Supported languages
Language support in AI Hub varies based on processing mode. Agent mode supports a comprehensive set of languages across tiers. Legacy mode language support varies based on your digitization settings and subscription tier.
Agent mode
Agent mode uses next-generation models and supports more than 100 languages, including those with Latin and non-Latin characters. For the complete list of supported languages, see the Gemini language support documentation.
Legacy mode
Document digitization in legacy mode uses a variety of third-party OCR processors to achieve best results. Digitization settings are interdependent, so your digitization requirements—for example, print versus handwritten text—impact which languages are supported.
Default language set
By default, digitization is supported only for languages that use Latin characters (a, b, c…) in the Azure AI Vision Read container or Microsoft Read model, depending on your digitization settings and documents.
-
Default digitization settings — print text | handwritten text
-
With tables and checkboxes enabled — print text | handwritten text
Common languages within these lists that use non-Latin characters—and thus aren’t supported by default—include Arabic, Bengali, Chinese Simplified, Chinese Traditional, Greek, Hebrew, Hindi, Japanese, Korean, Russian, Thai, and Urdu.

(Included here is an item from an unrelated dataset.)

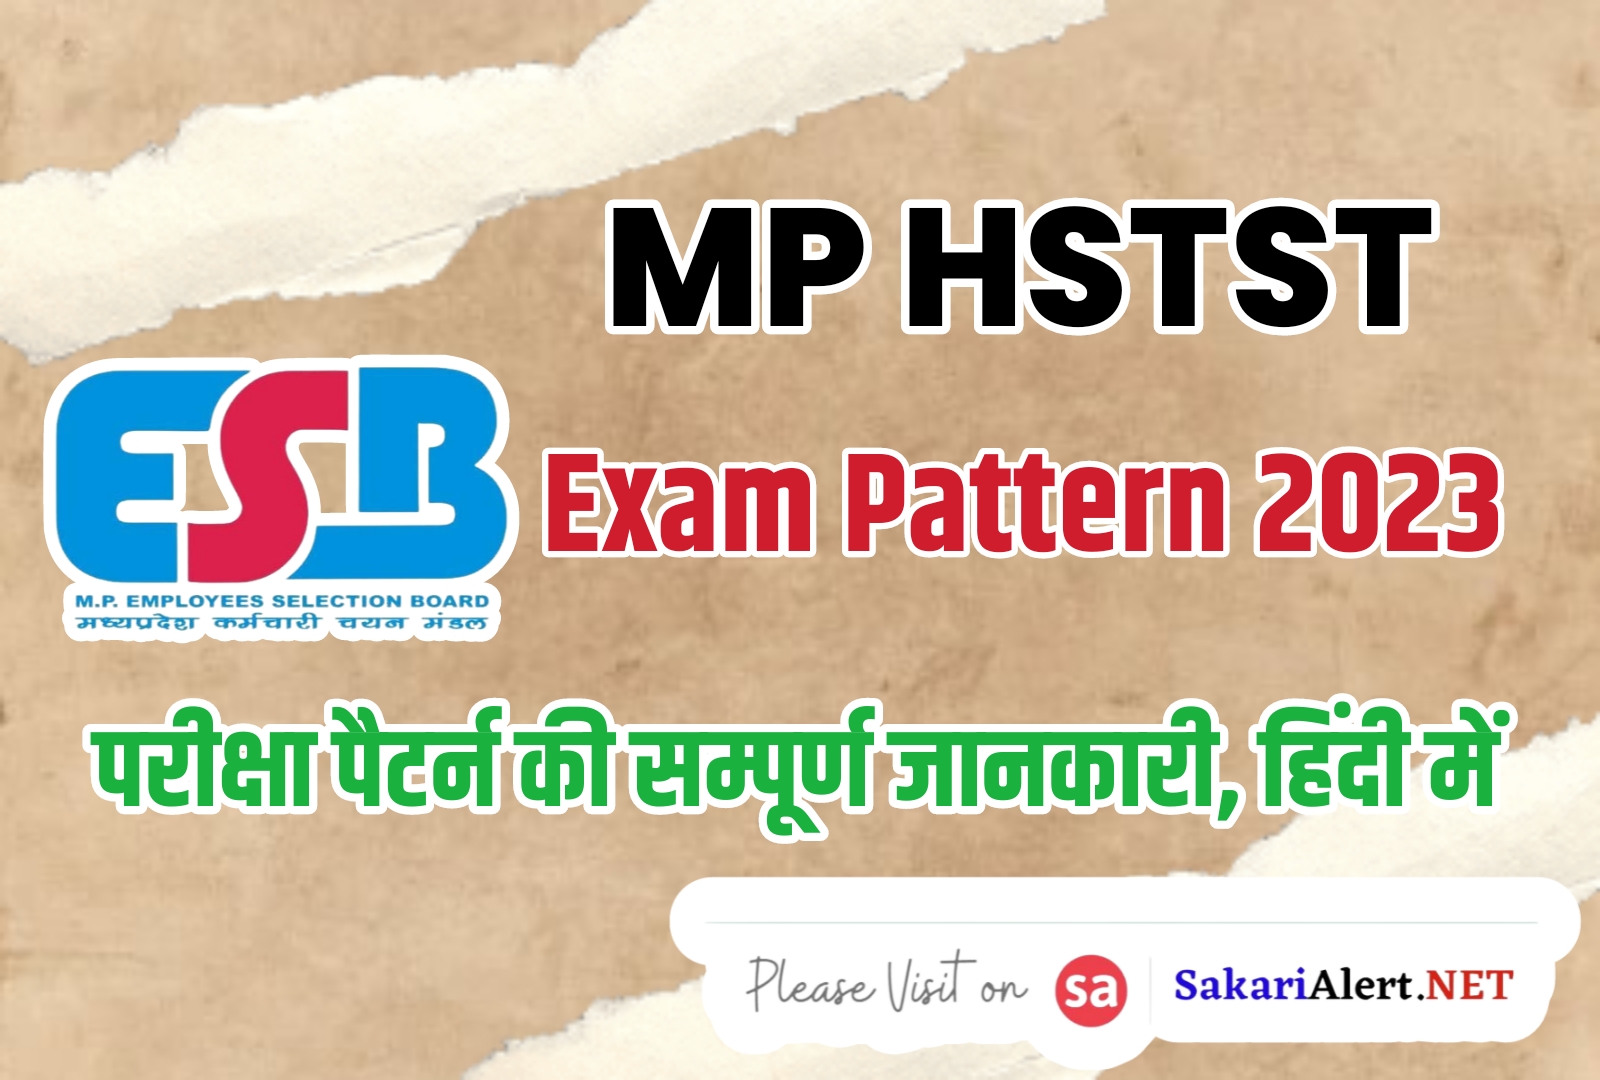 MP HSTST Exam Pattern 2023

Standard non-Latin language set
Commercial & EnterpriseThe standard non-Latin language set supports all languages in the Azure AI Vision Read container or Microsoft Read model, depending on your settings and documents.
-
Default digitization settings — print text | handwritten text
-
With tables and checkboxes enabled — print text | handwritten text
Advanced non-Latin language set
EnterpriseThe advanced non-Latin language set fully supports all languages in the Google Cloud Vision API.
Compared to the standard non-Latin language set, the advanced set adds supports for Armenian, Bengali, Greek, Gujarati, Hebrew, Kannada, Khmer, Lao, Latvian, Macedonian, Malayalam, Tagalog, Tamil, Telugu, Thai, Ukrainian, Vietnamese, and Yiddish.